So there are how many dnk's are there? There's n where n is the dimension, the number of od's or the number of components in y times k. That's how many d's we got that we're going to adjust. We want to have an equal number of equations and unknowns. We have to have as many equations as that. So what equations do we got? How many equations?

So if we just have a ODE [? BBP ?] we typically have n boundary conditions. So that many boundary conditions because we need one boundary condition for each differential equation, right? One integration constant for each one. So we took an n boundary conditions. And then we have-- in collocation, we have however many capital M time points we chose. So we have M n equations-- no, that's not right. We have an equation like that for every component of g. So it's M times n equations from the collocation. Is that all right?

So just looking at this, it looks like we have n times M plus one equations and we have n times k unknowns that we're trying to adjust. And so therefore, this says we should choose k to be equal to M plus one. So if we choose we want to say we want 100 basis functions, then we need 99 time points to do collocations at it in order to exactly determine everything. Is that OK?

How many people think this is OK? OK. He agrees. It's OK. The rest of you, no opinion. This is like the American political system. Only 5% people vote. Everybody else just listens to Donald Trump.

So this is how many equations we need. Now sometimes people will choose the basis functions so that, say, some of the boundary condition equations might be satisfied automatically. And I'll talk a little bit in a minute about cleverness in choosing basis functions. So one possible thing is you can try to cleverly choose basis functions so that no matter what values of d's you choose, you're always going to satisfy some of the boundary conditions. And so long as you don't get a full value of n because some of these boundary conditions don't help you determine the d's, any values of d's will work. And so in those cases, you need a few-- might need another time point or something. Get some more equations.

So that's collocation. And I think this should be perfectly straightforward. You just evaluate your y's. You need to have your dy/dts. You'll need them, because they appear in g as well. And they're just going to be the summation over k [? of ?] [? dnk ?] v prime k of t.

And so you choose basis functions that the analytical derivatives of. So now you know these answers. And now you can evaluate this at any time point tm. So you evaluate your time points. You evaluate these guys at your time points. You plug them all into your g expression over here, and your force is equal to zero, by varying the d's, right? No problem.

So that's collocation. That's pretty easy. And because it's so easy, it's kind of pretty widely used as one way to go. All it requires is that you have to know the derivatives of your basis functions. In particular, doesn't require any integrals. When you see the other methods, they're going to involve integrals. So we'll have to figure out how we're going evaluate those. So if you have functions you don't know how to integrate then this is definitely the way to go, to do collocation.

And if you use collocation with enough points, you're forcing the error to be zero a lot of points, then probably it won't get that big in between the points. At least you can hope that I won't get that big between the points. And you can try it with different numbers of points. And different size numbers of base functions and see what you can do. See if it converges to something, if you're lucky. All right. So that's one way to go.

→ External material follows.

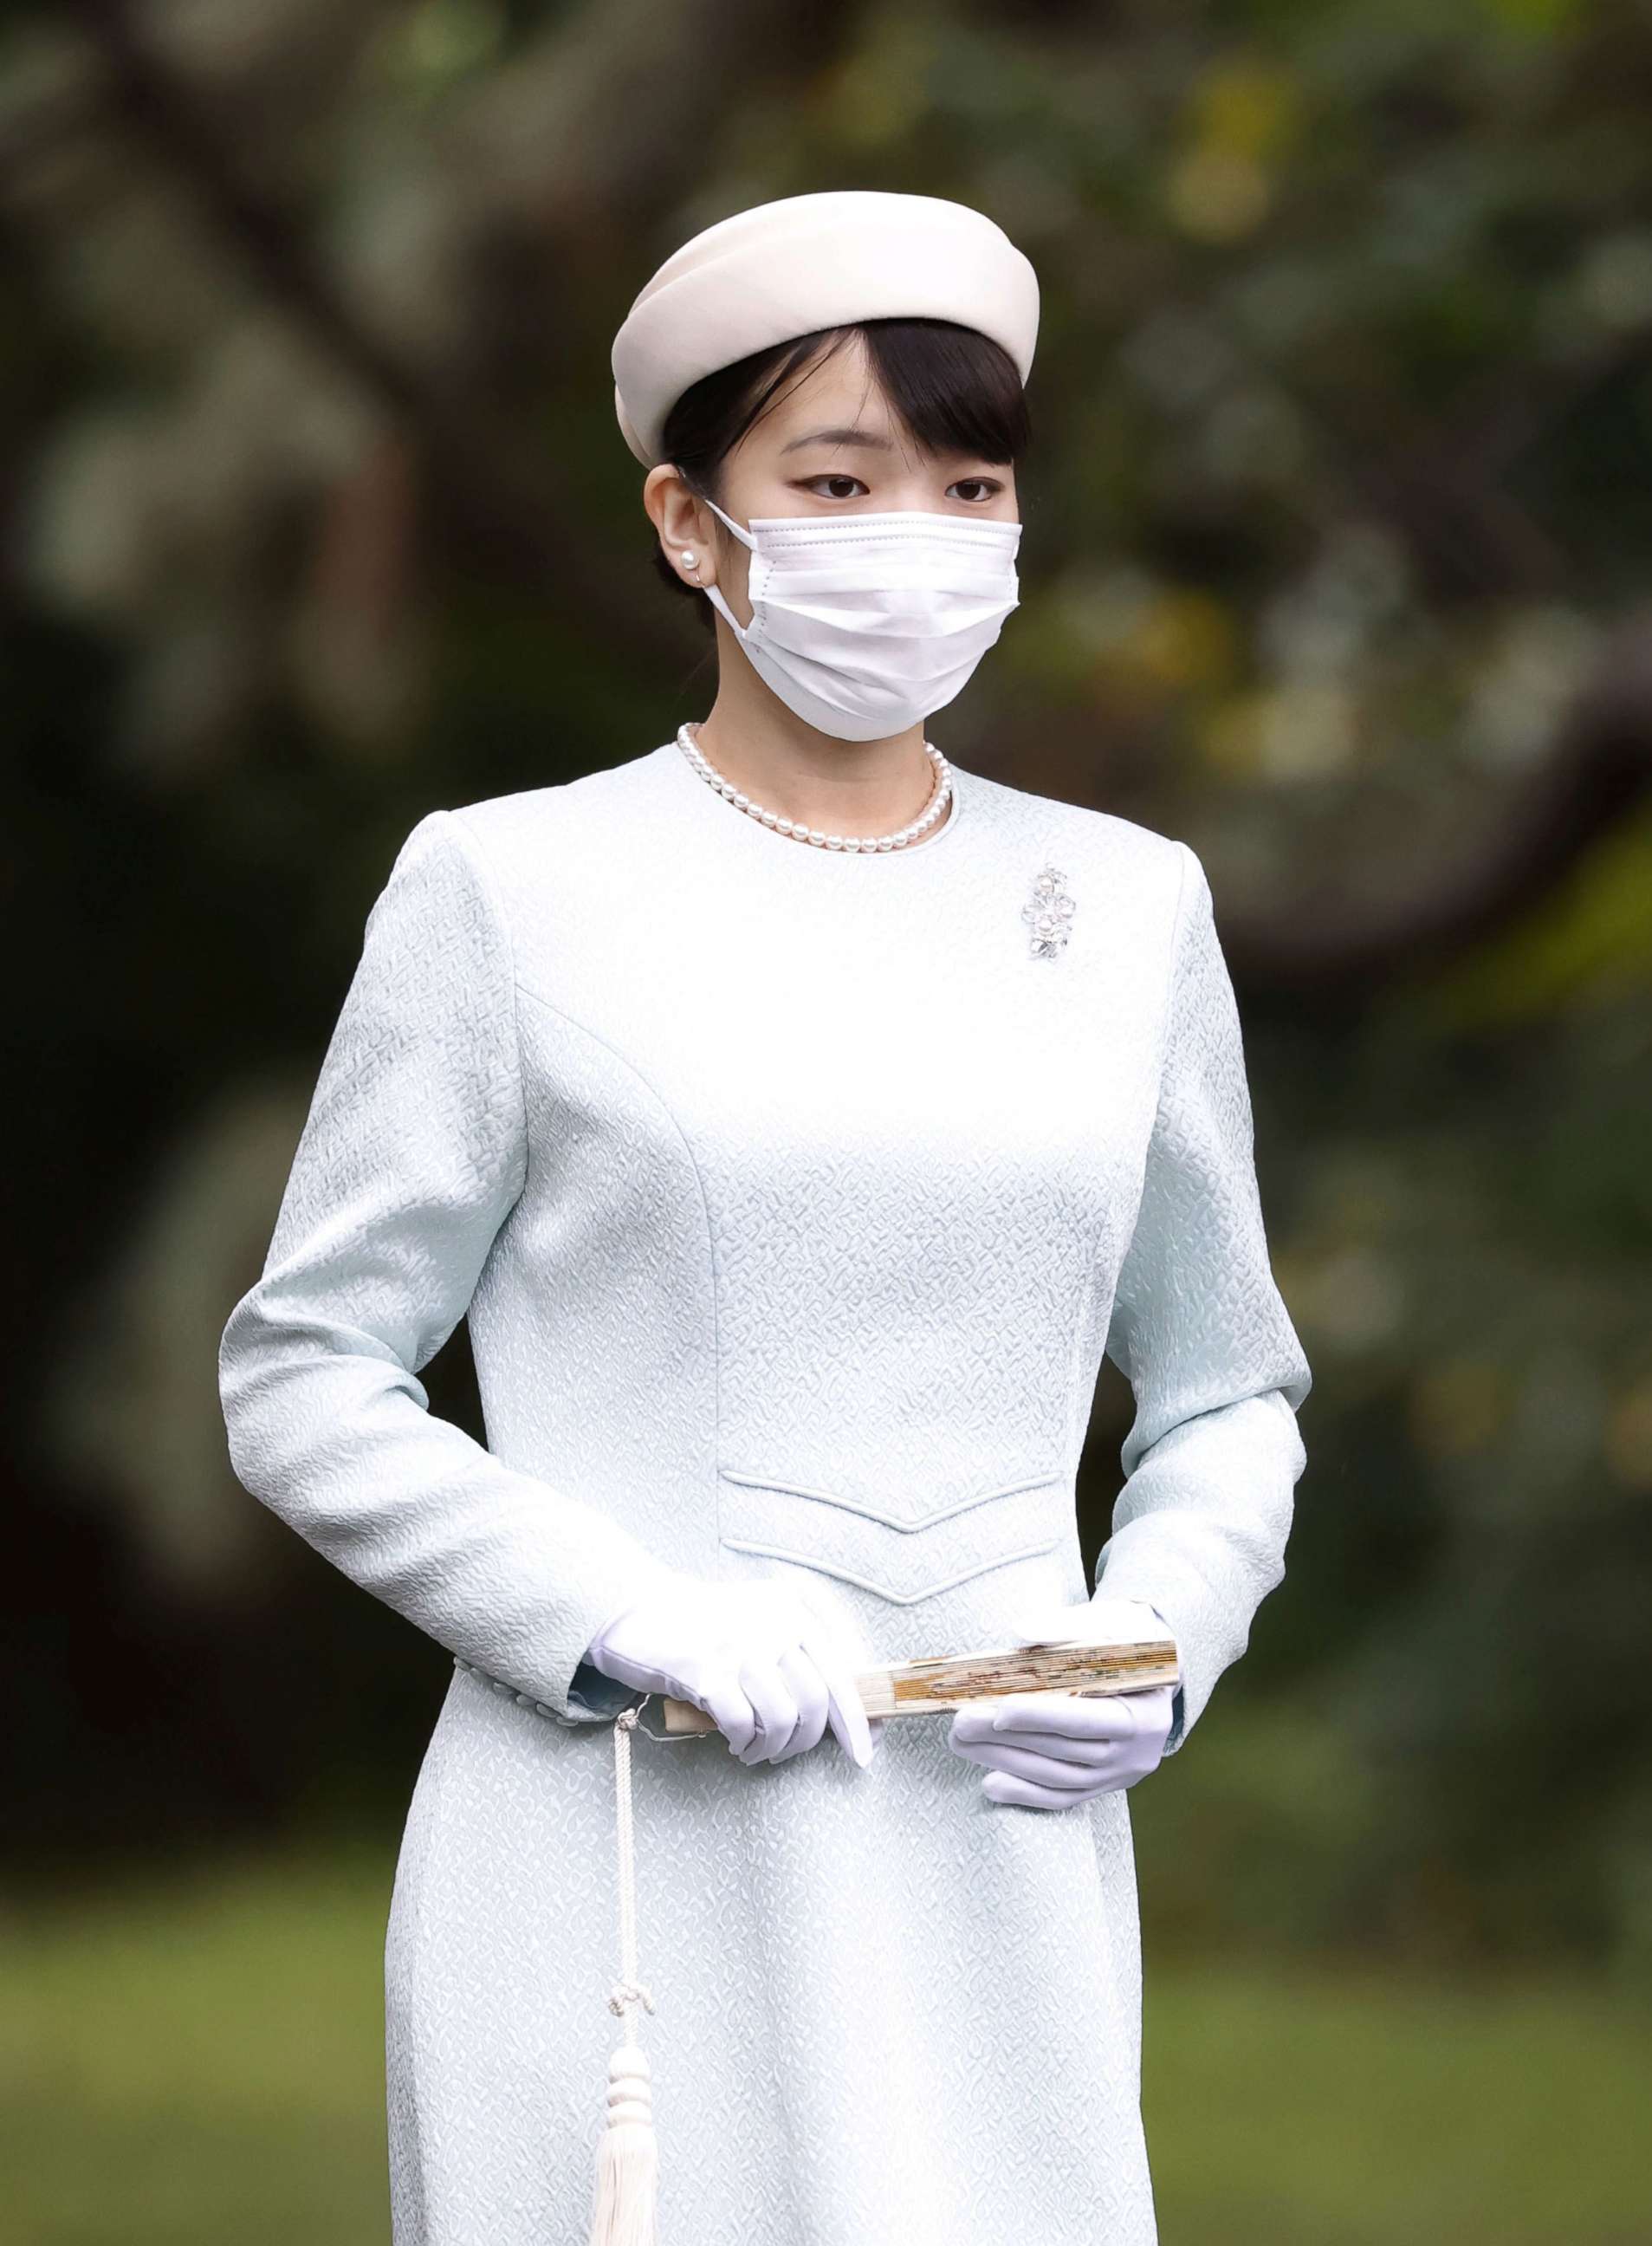 PHOTO:Japan's Princess Mako, the daughter of Crown Prince Akishino and Crown Princess Kiko, walks towards the Three Palace Sanctuaries to pray ahead of her marriage at the Imperial Palace in Tokyo, Oct. 19, 2021.

And it's just f solve problem. And all that's happening is it's just forming a Dracovian Matrix inside there. Now, you still have to choose which basis functions you want. And there's a lot of basis functions you know that you know the derivatives of.

So there's some issues here about what choice is best. And we'll talk a little about that in a minute.

One thing you have to watch out for, is you don't want your basis functions to be linearly dependent because then you'll end up with indeterminate values a d. Different sets of d's will give you exactly the same y. If these phi's-- if one of these phi's is a linear combination of other phi's in your set, then you could have different values of d's that would actually correspond to exactly the same y.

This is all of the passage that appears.